Lewiston was primarily transformed by secondary migration! 

They didn’t stay where they had been placed!

And, that is why I say the Trump proposal might make us think we, in local communities, will have some say in the process, the truth is we won’t!

Lewiston, Maine didn’t want them initially, but now it seems most of Maine is being transformed by Africans on the move with the encouragement of the Open Borders Left.

(Unfortunately some of the links don’t work because WordPress took RRW down, but you get the gist!)

From RRW on November 2, 2009:

Yesterday I brought to readers’ attention that now that the Somali population in Lewiston, ME is large and well-established, the demands for accomodation of Muslim religious practices has begun, see CAIR threatens,here.  Among those who study Islamic supremacism around the world, this is known as the Stealth Jihad (see our entire categoryhere)—changing a country from within to bring about Islamic dominance.

In my post I attributed a role to Catholic Charities in bringing the first Somalis to Maine, and after a little research I found that assertion was accurate.  However, the majority of the thousands of Somalis now continuing to upset Lewiston are secondary migrants resettled by Catholic Charities and other federally contracted agencies in Georgia.

Here is the best summary  (Free Republic still has full Newhouse News Service article here) I’ve found so far about how Lewiston got to the point it’s at now with CAIR breathing down the necks of school administrators.  I’ve only taken a bit of this very long and thorough 2002 article, so please read the whole thing.

LEWISTON — Every week, another four or five Somali families arrive in this workaday city on the Androscoggin River.

They are refugees from the clan-wracked ruins of their homeland on the Horn of Africa, from years of waiting in camps in Kenya.

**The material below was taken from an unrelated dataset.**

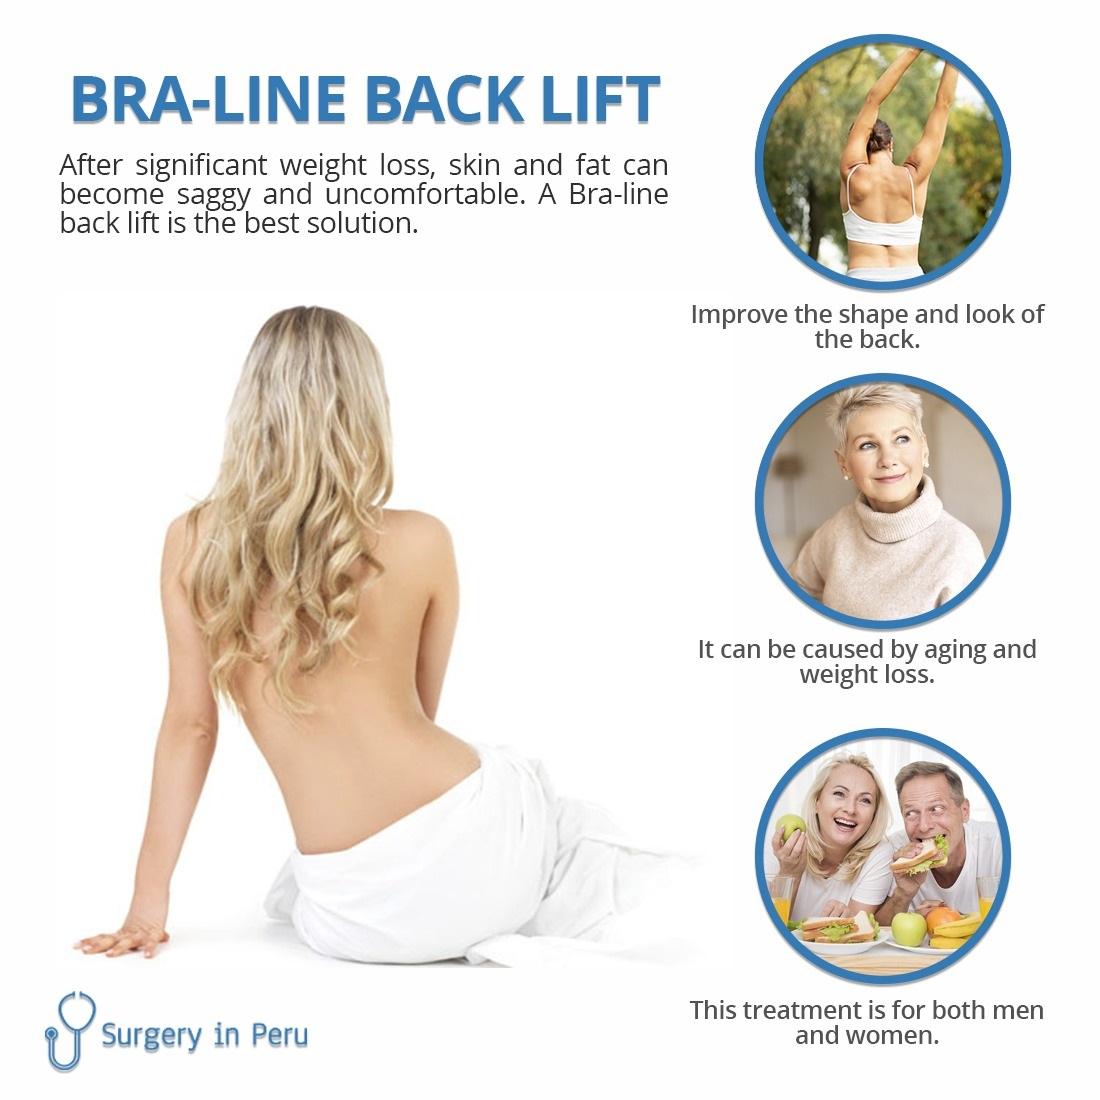 bra line back lift

And they are migrants from their place of first resettlement in America, more often than not trekking 1,000 miles from the heat and multihued humanity of metropolitan Atlanta to this sparse, wintry, whitest of all states.

They are nomads, their ancient instincts honed to a 21st century edge. Pioneers in a new world, they discovered Lewiston and claimed a bit of it for themselves.

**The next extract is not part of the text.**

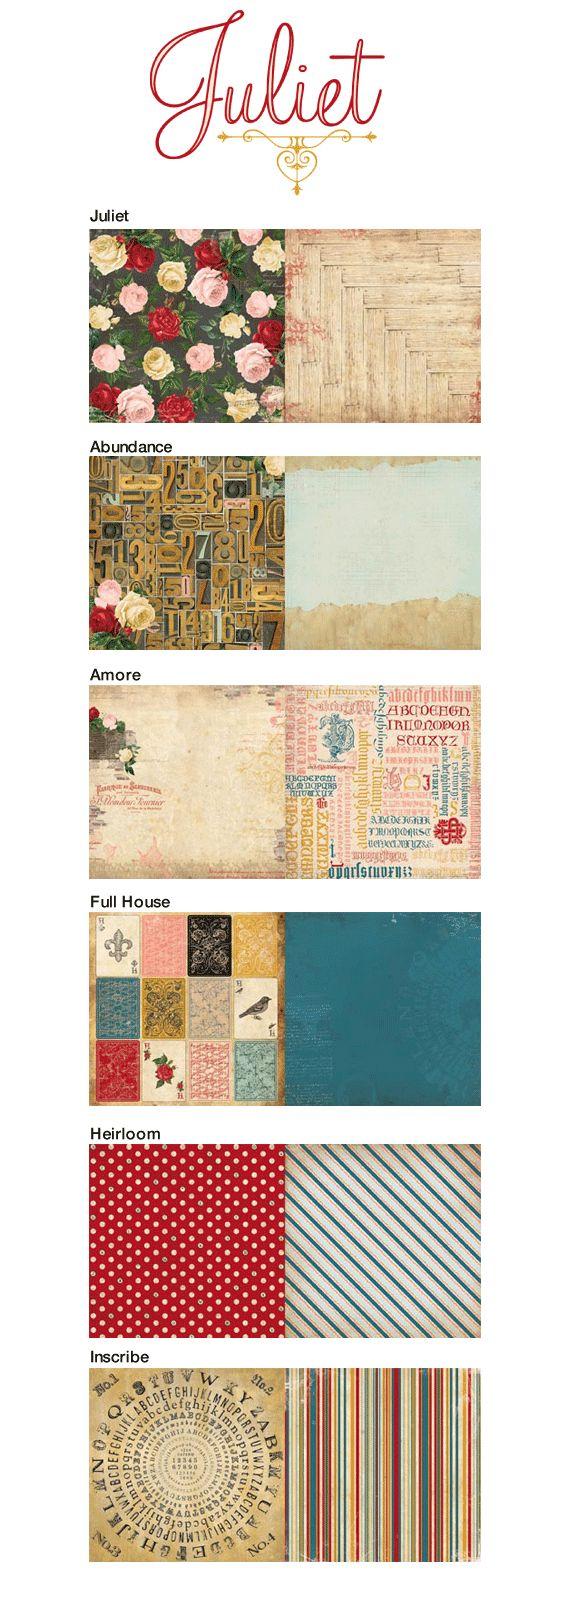 Juliet scrapbook ideas - Bobunny S Newest Collection Juliet

“It’s like finding a small island in the middle of the Pacific,” says Mohammed Abdi, who last year moved here from Decatur, Ga., and was quickly hired as the liaison between the city’s schools and the burgeoning Somali community. “We put it on the map.”

They were originally resettled with American blacks and that wasn’t going so well, an issue we have discussed at RRW on previous occasions.

In their exodus, they say they are looking for peace and quiet, cheaper housing, a more benevolent welfare system, better schools and a place to raise their children — families of seven or more are common —with fewer perils and temptations. That they are leaving a metro area renowned as an African-American mecca to resettle in Maine, home to fewer than 7,000 blacks in 2000, is less a matter of irony than intent, given the prickly state of their relations with African-Americans and a desire to protect their children from assimilating too quickly.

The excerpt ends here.